Location | Baseline Visit | Year 1 | Year 2 | Year 3 | Year 4 | Year 5 | Slope |
---|---|---|---|---|---|---|---|
Model 1: Unadjusted Model | |||||||
| |||||||
Rural MCIRS (95% CI) |
22.9 (22.5 – 23.5) |
23.4 (22.9 – 23.8) |
23.7 (23.3 – 24.2) |
24.1 (23.6 – 24.5) |
24.4 (23.9 – 24.9) |
24.7 (24.2 – 25.4) |
0.18 (P = .02)* |
Urban MCIRS (95% CI) |
20.6 (19.9 – 21.1) |
20.7 (20.2 – 21.3) |
20.9 (20.4 – 21.5) |
21.1 (20.6 – 21.6) |
21.3 (20.8 – 21.8) |
21.5 (20.9 – 22.0) |
0.18 (P = .003)* |
| |||||||
Model 2: Fully Adjusted Model | |||||||
| |||||||
Rural MCIRS (95% CI) |
23.0 (22.3 – 23.6) |
23.2 (22.7 – 23.8) |
23.5 (23.0 – 24.0) |
23.8 (23.3 – 24.3) |
24.0 (23.5 – 24.6) |
24.3 (23.7 – 25.0) |
0.20 (P = .008)* |
Urban MCIRS (95% CI) |
21.0 (20.2 – 21.7) |
21.0 (20.4 – 21.7) |
21.1 (20.6 – 21.7) |
21.2 (20.7 – 21.7) |
21.3 (20.7 – 21.8) |
21.3 (20.7 – 21.9) |
0.08 (P = .38)* |
CI, 95% confidence interval; MCIRS, modified cumulative index rating scale, normal range is between 5 and 65. Slope estimated from a longitudinal mixed-effect linear model. Adjusted for age, sex, education, marital status, ethnicity, mini-mental status exam score, activities of daily living scores, and instrumental activities of daily living scores. Cognitive diseases as measured by MCIRS were excluded from our measurement of MCIRS.

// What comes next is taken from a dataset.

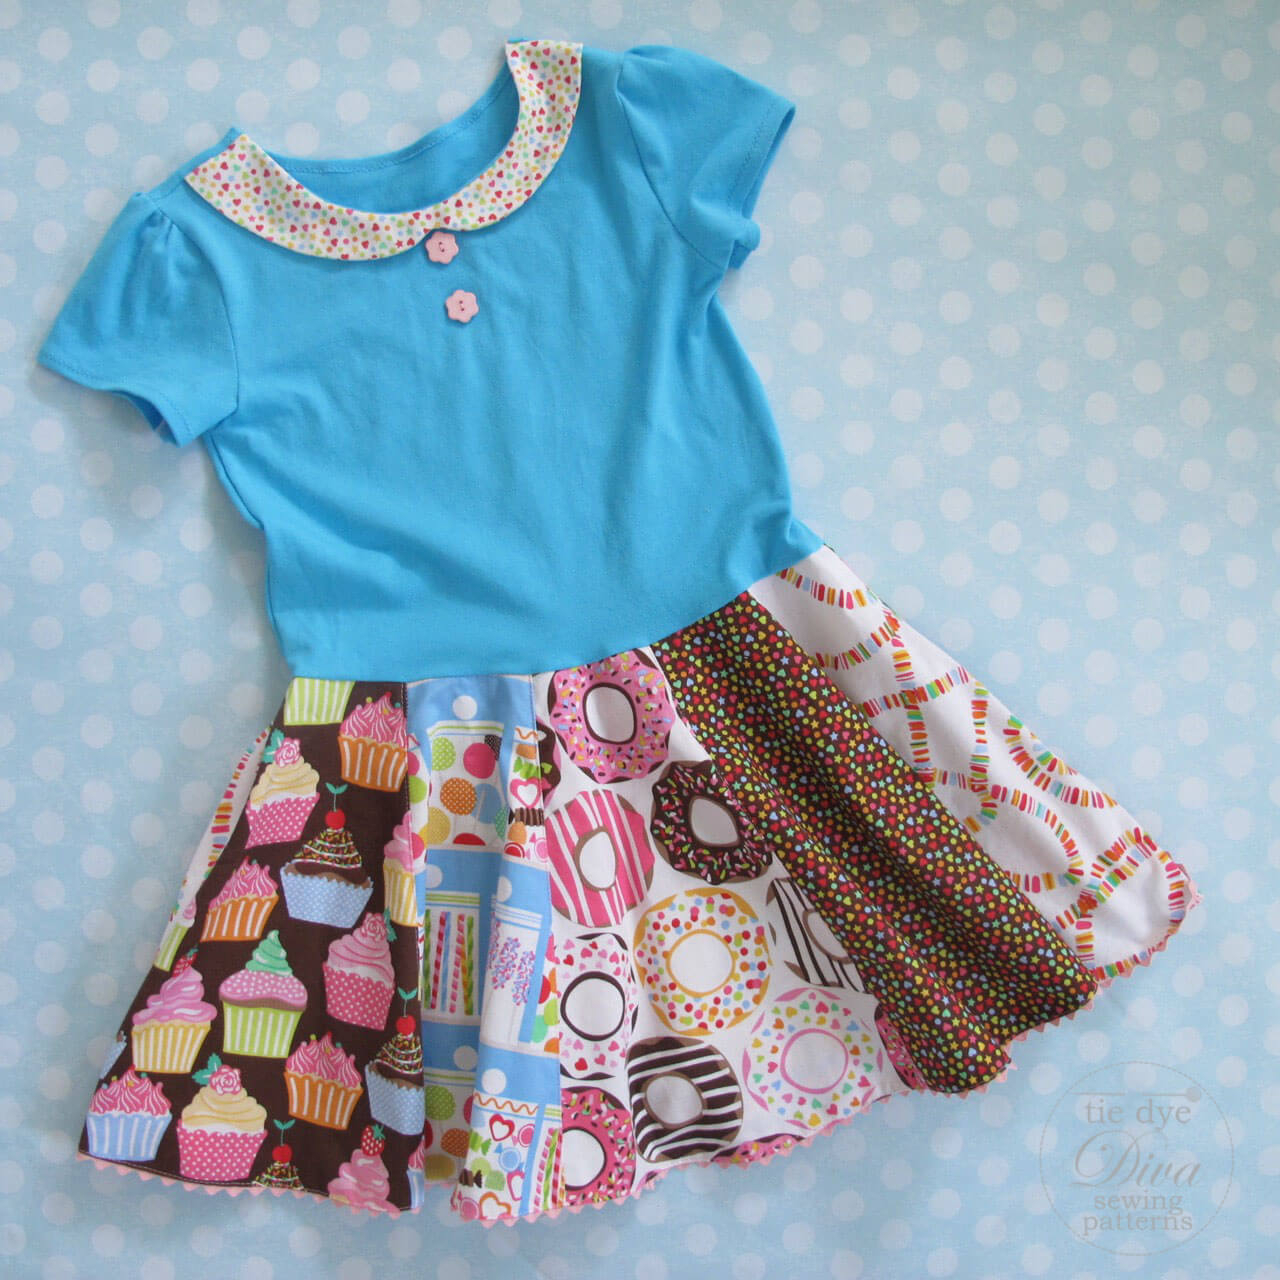 Knit Circle Pattern Garnet Dress Top And Skirt Pattern Knit And Woven Fabric Circle Skirt Girls 1 10 Years

P values for the comparison of the longitudinal slope to a slope of zero.
Prescription Medications
Rural participants were found to use an estimated average of 5.5 (95% CI: 4.8–6.1) prescription medications at baseline. Urban participants used an estimated average of 3.7 (95% CI: 3.1–4.2) medications. The change in medication usage trended in opposite directions for the 2 populations (P < .001), with urban participants increasing and rural participants decreasing the mean number of medications used. The urban population increased prescription medication use at a rate of approximately 1 new mediation over the 5-year follow-up period of the study: 1.04 (95% CI: 1.01–1.07) medications. Participants of the rural population were estimated to stop use of about 1 prescription medication over 5 years: −0.96 (95% CI: −0.98 to −0.94) medications (see Figure 3).

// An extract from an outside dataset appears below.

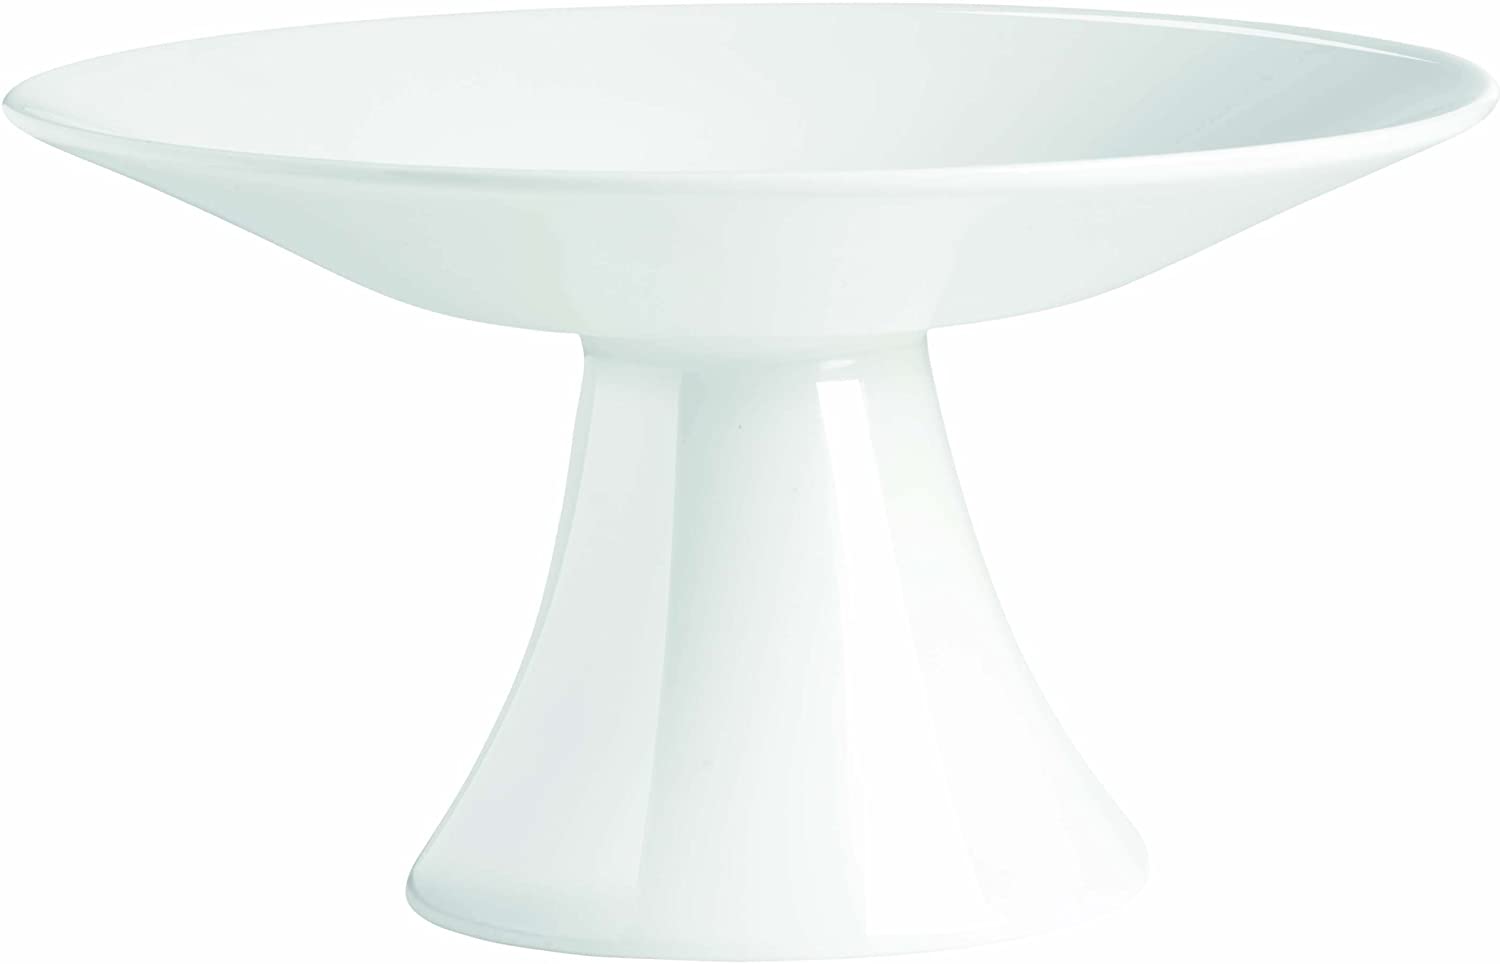 ASA 1960013 Measuring Table Bowl with Base Porcelain White 15 x 15 x 5 cm

In Figure 4, the estimated number of prescription medications was plotted against MCIRS for the rural and urban cohorts. It was found that rural participants with similar disease burden used more drugs than their urban counterparts. The urban cohort was found to have a significant upward slope, with number of prescription medications increasing as disease burden increased (P = .02). The rural population had a positive slope that trended toward significance (P = .08), but there was more variability in this observation.
The proportions of prescription medications used, by class, are displayed in Figure 5. Antihypertensive medications were the most commonly prescribed class of medications at baseline: 22% (95% CI: 18.3%–27.2%) in rural participants and 28% (95% CI: 22.3%–36.1%) of prescription medications in urban participants. Prescription medications used to aid bone mineralization (bisphosphonates, calcitonin, estrogen) were used more in the urban population at a proportion of 6.8% (95% CI: 4.7%–10.4%) versus the rural population, which was estimated at 1.6% (95% CI: 1.06%–2.5%) at baseline. Opioid medications were prescribed at a relatively low proportion in both populations, but more were used in the rural population at baseline (P = .03).
Figure 5 also displays patterns of medication utilization over the 5 follow-up years. There was a significant increase in the proportion of estimated number of antihypertensive medications in the rural population over time (P = .006) but not the urban population (P = .05). Use of statin medications significantly increased over time in the urban population but significantly decreased in the rural population. Utilization of bone mineralization agents in the urban population seems to decrease over time. Significant increases in utilization were observed for antidepressants and opioids in the urban population, while no change for these classes were observed for the rural populations.
Over-the-Counter Medications
Analysis of OTC agents suggested no statistical differences between rural and urban participants. Rural participants were found to use an estimated average of 8.8 OTC agents (95% CI: 8.2–9.4) at baseline, and urban participants were found to use an estimated average of 8.9 OTC agents (95% CI: 8.3–9.6) at baseline. Participants of both rural and urban populations are estimated to stop use of approximately 1 OTC agent over the 5-year follow-up period: − 0. 98 agents (95% CI: −0.99 to −0.96).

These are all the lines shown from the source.